How do we handle web pages with duplicated content?

Functional requirements

Search engine indexing
1 billion page per month
HTML only
Store content up to 5 years
Ignore pages with duplicate contents

Non-functional requirements

scalability - there are billions of web pages out there
- Web crawling should be extremely efficient using parallelisation
robustness - Bad HTMLs, malicious links...
politeness - not make too many requests to a website within a short time interval
extensibility - System is flexible so that minimal changes are needed to support new content types

Back of the envelop estimation

1 billion web pages downloaded every month
- around 400 pages per second
- assume the peak QPS to be 800
Assume average web page size is 500 KB
1 billion * 500k is around 500TB per month
Assume data are stored for 5 years
- That is 30 PB

Step 2 - Propose high-level design and get buy-in

CleanShot 2024-10-25 at 23.59.09@2x.png

Seed URLs

Starting point of the crawl process
- Try to divide the large URL space into smaller ones
- Base on location, types of the website and such

URL Frontier

To store URL to be downloaded
Usually in FIFO queue

HTML Downloader

From the internet, where URL is provided by the Frontier

DNS resolver

Convert the URL into IP address

Content parser

Should be parsed and validated
Remove malformed page to save up storage
Move into a seperate component to prevent slowing down the crawling process

Content Seen

Remove duplicates
Compare the hash values of two web pages to improve efficiency

Content storage

Popular content is kept in memory
Most other content is stored on disk

URL Extractor

Parse and extract links from HTML pages

URL Filter

Excludes certain content types, file extensions, error links and URL in "blacklisted" sites

URL Seen

Remove seen and URL on Frontier
Avoid infinite loop
Can implement using bloom filter

URL Storage

Processed URLs

Step 3 - Design deep dive

DFS vs BFS

DFS is not ideal since it may recurse to a really deep level
The BFS approach is also problematic in two ways:
- Most links from the same page are linked to the same host (such as wikipedia).
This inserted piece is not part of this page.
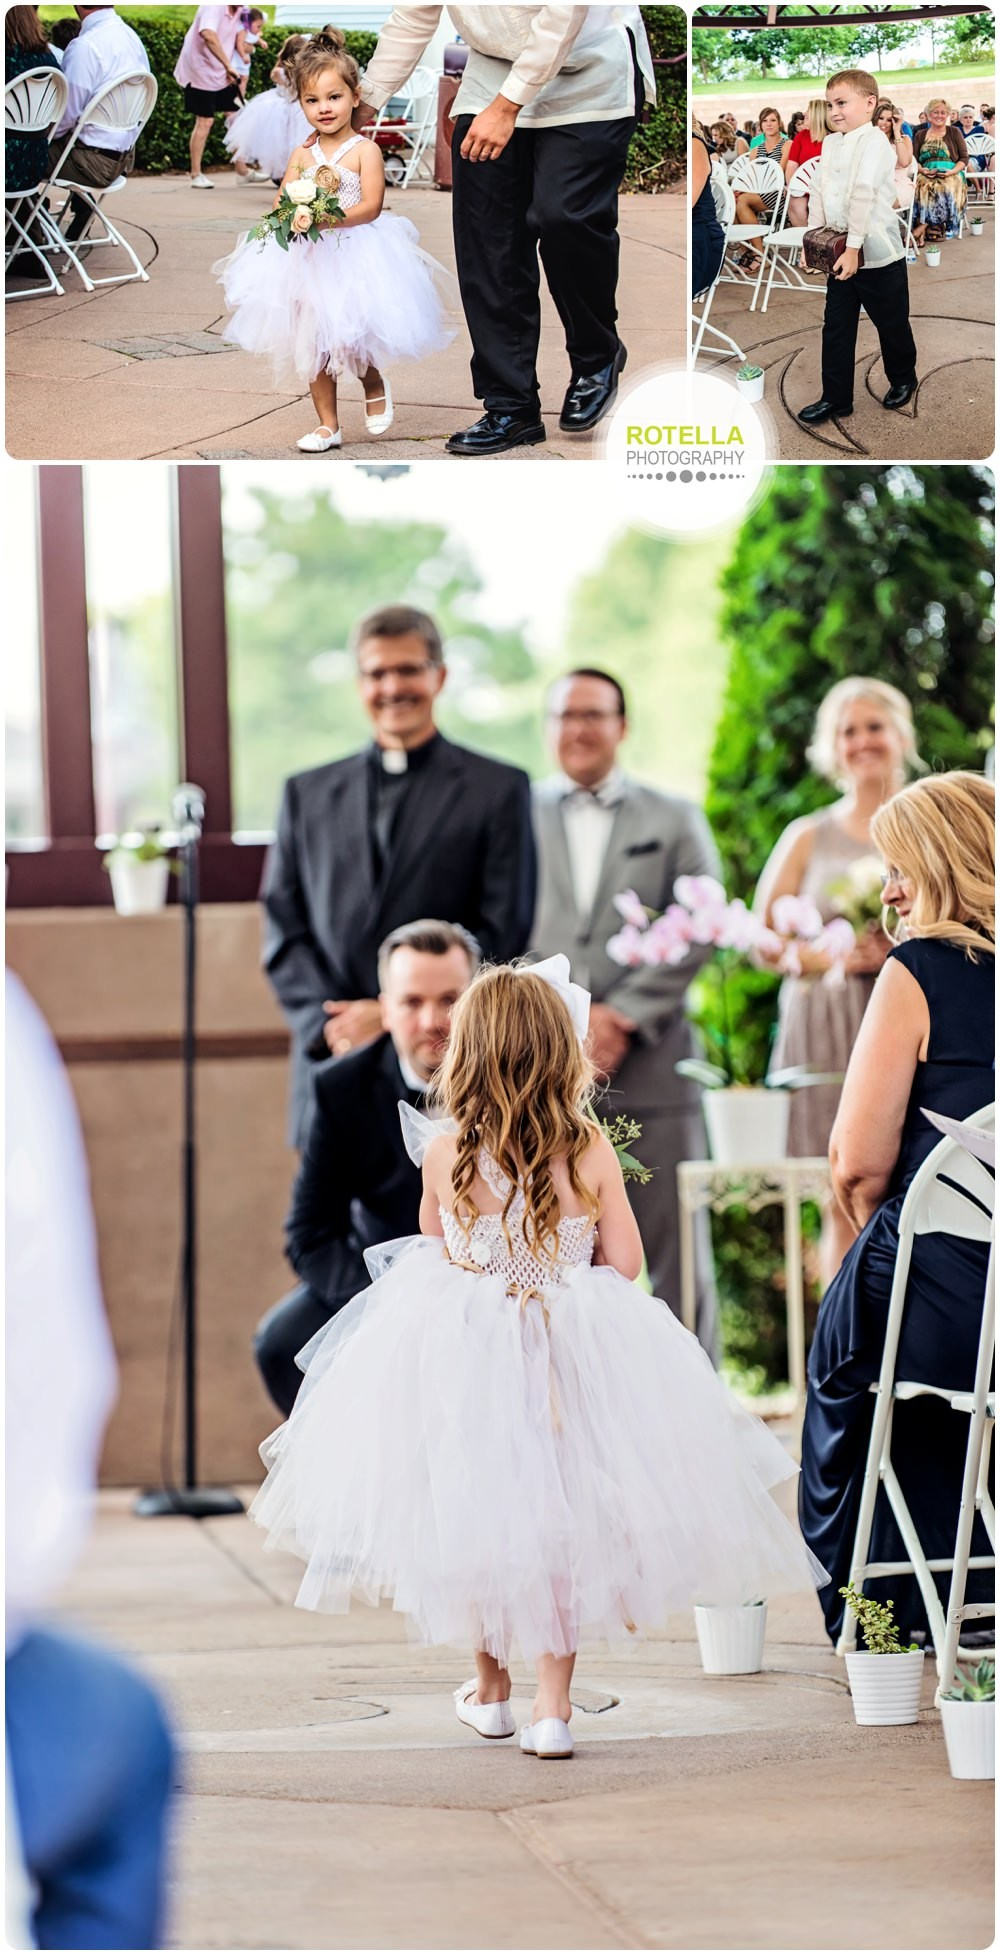 MELANIE-DEREK-MINNESOTA-WEDDING-PHOTOGRAPHY-ROTELLA-PHOTOGRAPHY_2015-09

Which may result too many request sent to the server, which is "impolite"
- Standard BFS does not take the priority of URL into consideration
  - Hence need to modify to prioritise URLs according to their page rank, web traffic, update frequency...

URL frontier

CleanShot 2024-10-26 at 00.33.30@2x.png

Politeness

Reduce request sent to the same server to avoid been treated as DOS attack
Enforcing download one page at a time from the same host

Priority

can be measured by page rank, web traffic, update frequency...
Instead of seperate URL into queues by their domain, can seperate by the importance of the URL

Freshness

Recrawl based on web pages's update history
Prioritise URLs and recrawl important pages first and more frequently

Storage for URL Frontier

Majority of URLs are stored on disk, so that the storage is not an issues
Maintain buffers in memory for enqueue/dequeue operation
- Data in buffer is periodically written to the disk

HTML Downloader

Robots.txt

Standard used by websites to communicate with crawlers
Indicates which pages are allowed to download

Performance optimisation

Distributed crawl
- Multiple servers and threads
Cache DNS resolver
- When one thread is making request to DNS server, other threads are block temporarily from 10ms to 200ms
- We can maintain our own DNS mapping from URL to IP address
- Updated periodically by cron jobs
Locality
- When crawler is closer to the server host, the download time is faster
Short timeout
- Some web server responds slowly
- Hence need to set a timeline, and terminate the request if non-responsive

Robustness

Consistent hashing
- Distribute loads among downloaders
Save crawl states and data
- Disrupted crawl can be restarted easily by loading saved states and data
Handel exception gracefully
Data validation
- To prevent system errors

Extensibility

Can easily plugin modules such as PNG downloader, web monitor modules...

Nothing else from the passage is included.